Frank Lyons explains how a combined academic and artistic approach has been key to the success of a new ensemble featuring disabled and non-disabled musicians.

Photo of musicians on dark stage

Inclusive Creativity began with a conference at Ulster University in Derry as part of the UK City of Culture celebrations in 2013. We brought together existing and new collaborators including innovators in music, disability and technology Drake Music, Share Music Sweden and Derry-based Walled City Music, as well as leading academics and practitioners. This two-track academic and artistic approach has since been carried through into a range of research projects including Sharing the Stage and NonZeroSum.

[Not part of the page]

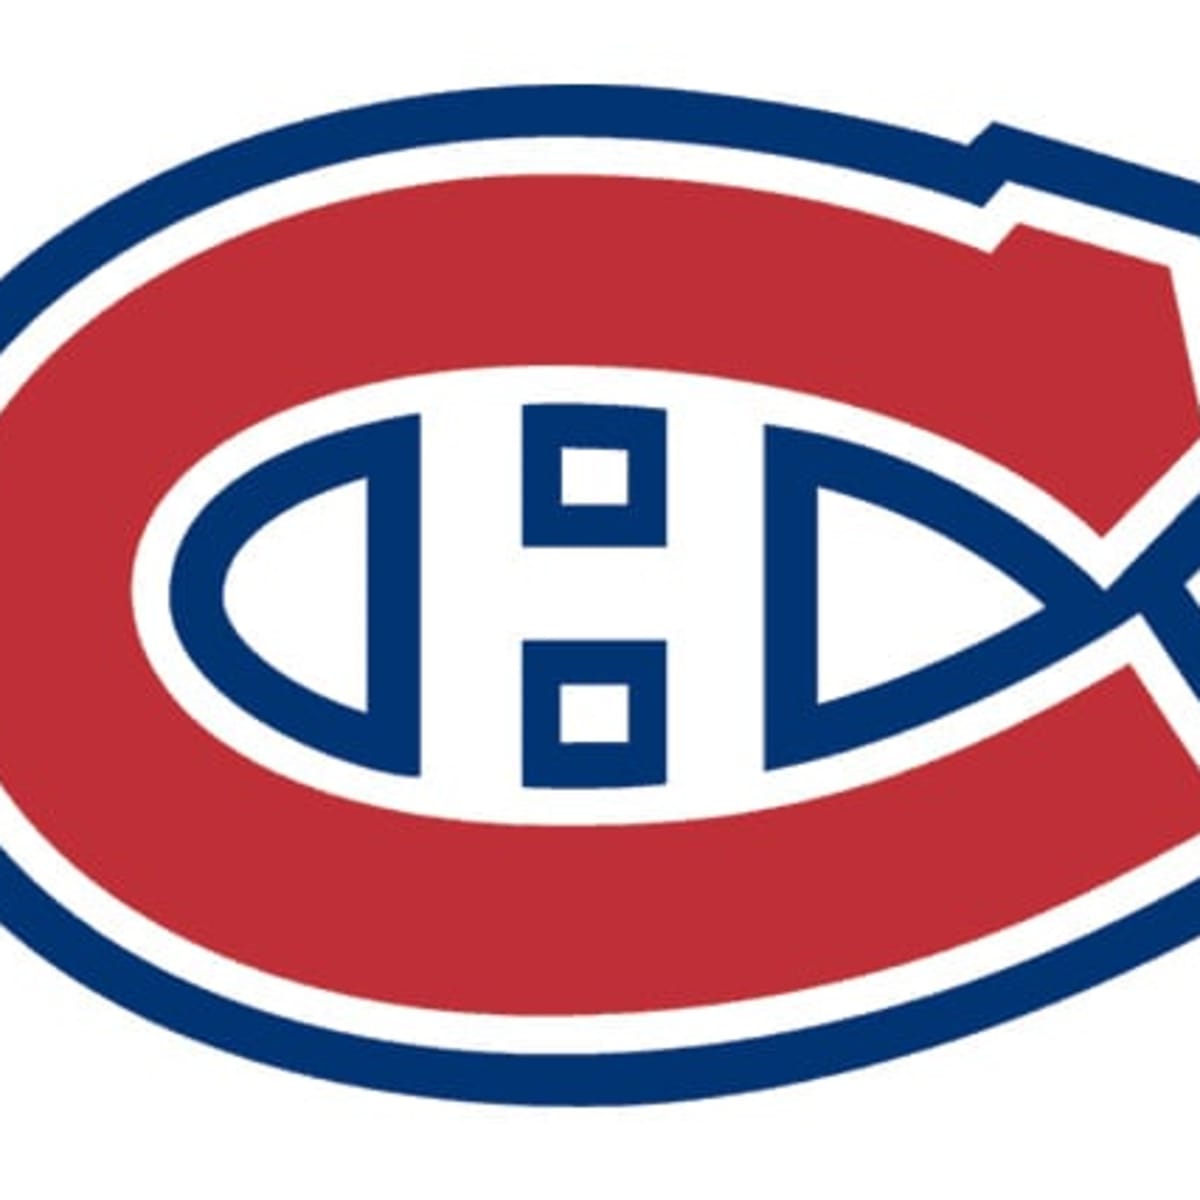 What does the C and H on the Habs Jerseys Stand For?

As part of these projects, we formed the Acoustronic ensemble, a mix of disabled and non-disabled musicians. They meet weekly to improvise, compose and perform using digital and acoustic instruments. A team comprising undergraduate, masters and PhD researchers works with the ensemble to investigate digital instrument-building and compositional and improvisational approaches in inclusive music settings.

Taking the ensemble on tour has been logistically challenging but has provided positive life-changing experiences for the musicians

A new repertoire

One key imperative has been the need to develop a new repertoire for inclusive ensembles. This has led to a range of exciting initiatives to train emerging and established composers in specific techniques and approaches. Through collaborations with St Magnus International Music Festival in Orkney and the Walled City Music Festival, we have run composer workshops that have generated a number of new pieces.

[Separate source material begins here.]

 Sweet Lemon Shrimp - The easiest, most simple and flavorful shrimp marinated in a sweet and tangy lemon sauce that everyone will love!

The first stage of this process took place in Orkney in 2016, involving three young composers from the Royal Scottish Conservatoire who worked intensively with Acoustronic member Jay Hagon and cellist Clea Friend to explore new digital instruments and compositional techniques.

These pieces were subsequently developed as part of a composers’ workshop hosted by the Walled City Music Festival last year and featuring the full NonZeroSum nine-piece ensemble. This full-day event featuring six substantial new pieces was a considerable logistical undertaking, requiring an extensive set-up and constant variation of the digital instruments required by the composers.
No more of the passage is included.